BH 263, LLC v Bayview Loan Servicing, LLC, 2019 NY Slip Op 06586, Decided on September 18, 2019, Appellate Division, Second Department:

“In March 2007, nonparty Noel Palmer obtained a loan from Washington Mutual Bank, FA (hereinafter WaMu), secured by a mortgage on real property located in Brooklyn. In July 2008, WaMu commenced an action to foreclose the mortgage (hereinafter the 2008 foreclosure action), and sought, in the complaint, to recover the full balance due. In an order dated September 10, 2013, the Supreme Court directed the dismissal of the complaint in the 2008 foreclosure action as abandoned pursuant to CPLR 3215(c), and vacated the notice of pendency. In April of 2014, the mortgage was assigned to Bayview Loan Servicing, LLC (hereinafter Bayview).

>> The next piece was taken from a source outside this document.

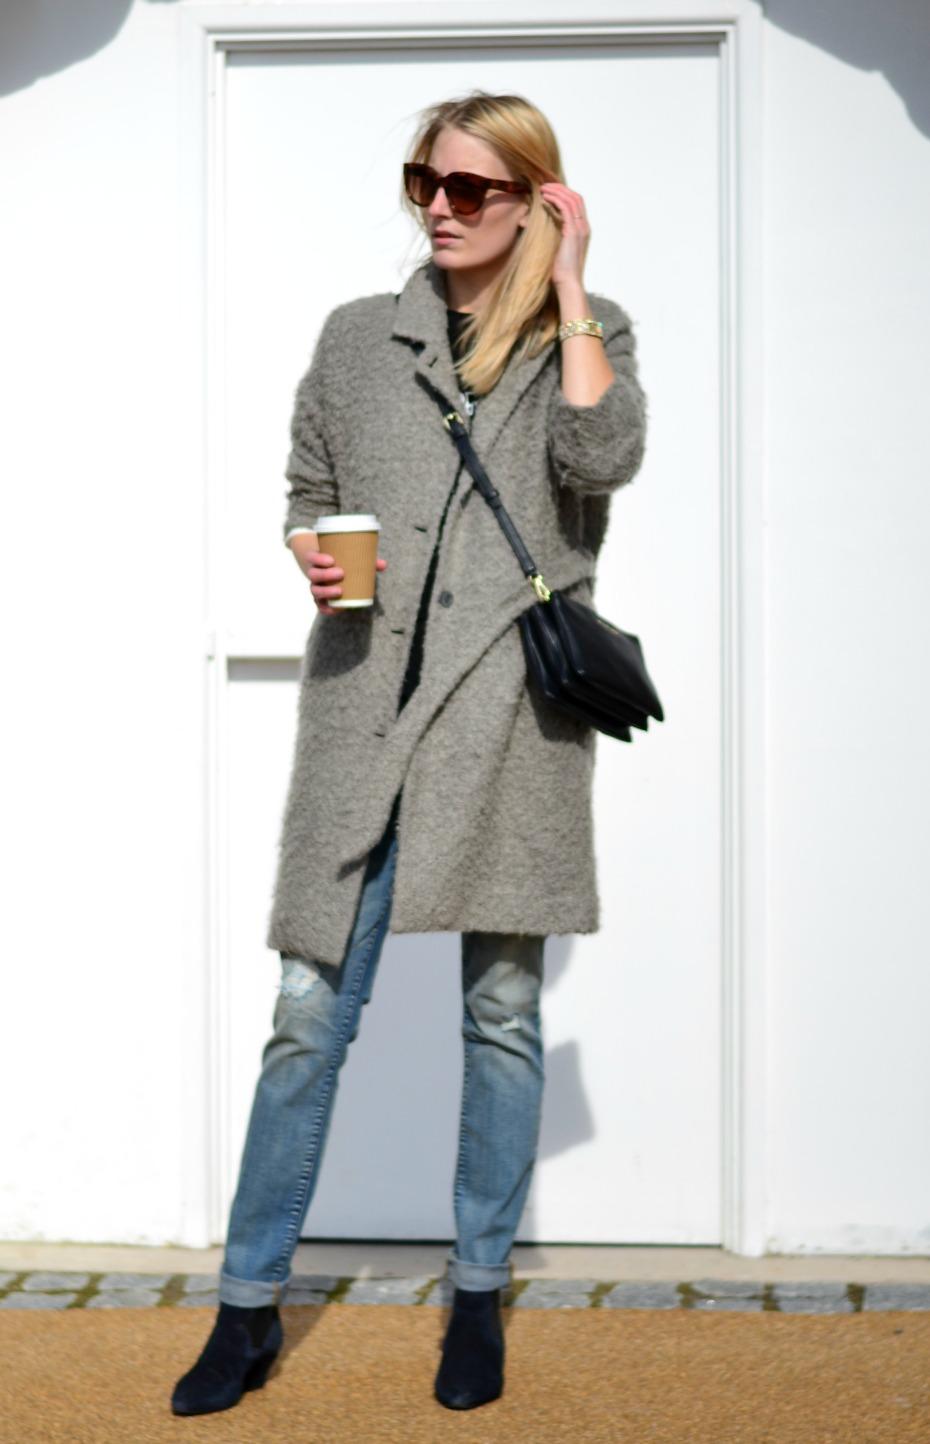 gap boyfriend jeans_céline sunglasses_acne alma_michael kors trio1

In January 2015, the plaintiff purchased the subject property from Palmer. In March 2016, the plaintiff commenced this action to cancel and discharge the mortgage of record. The plaintiff subsequently moved, inter alia, for summary judgment on the complaint, and Bayview cross-moved for summary judgment dismissing the complaint. The Supreme Court, inter alia, granted the motion and denied the cross motion, and Bayview appeals.

Pursuant to RPAPL 1501(4), a person having an estate or an interest in real property subject to a mortgage can seek to cancel and discharge that encumbrance where the period allowed by the applicable statute of limitations for the commencement of an action to foreclose the mortgage has expired, provided that the mortgagee or its successor was not in possession of the subject real [*2]property at the time the action to cancel and discharge the mortgage was commenced (see Lubonty v U.S. Bank N.A., 159 AD3d 962, 963, lv granted 32 NY3d 903). An action to foreclose a mortgage is governed by a six-year statute of limitations (see CPLR 213[4]; Lubonty v U.S. Bank N.A., 159 AD3d at 962; Kashipour v Wilmington Sav. Fund Socy., FSB, 144 AD3d 985, 986). “[E]ven if a mortgage is payable in installments, once a mortgage debt is accelerated, the entire amount is due and the Statute of Limitations begins to run on the entire debt” (Lubonty v U.S. Bank N.A., 159 AD3d at 963 [internal quotation marks omitted]; see Kashipour v Wilmington Sav. Fund Socy., FSB, 144 AD3d at 986).

Here, in support of its motion the plaintiff established that it was the current owner of the subject property, that “[a]n acceleration of the full amount of the debt occurred in this instance upon the filing of the summons and complaint in the [2008] foreclosure action” (Milone v US Bank N.A., 164 AD3d 145, 152), i.e., on July 23, 2008, and that, accordingly, the statute of limitations expired six years later, on July 23, 2014 (see id. at 152-153). Thus, by establishing that the commencement of a new foreclosure action would be time-barred by the applicable six-year statute of limitations (see Milone v US Bank N.A., 164 AD3d at 152-153; Deutsche Bank Natl. Trust Co. v Gambino, 153 AD3d 1232, 1234; Kashipour v Wilmington Sav. Fund Socy., FSB, 144 AD3d at 986), the plaintiff met its prima facie burden of demonstrating its entitlement to judgment as a matter of law on the complaint (see Alvarez v Prospect Hosp., 68 NY2d 320, 324; Zuckerman v City of New York, 49 NY2d 557, 562). In opposition to the plaintiff’s prima facie showing, Bayview failed to raise a triable issue of fact (see Alvarez v Prospect Hosp., 68 NY2d at 324). Bayview also failed to demonstrate its prima facie entitlement to judgment as a matter of law dismissing the complaint.”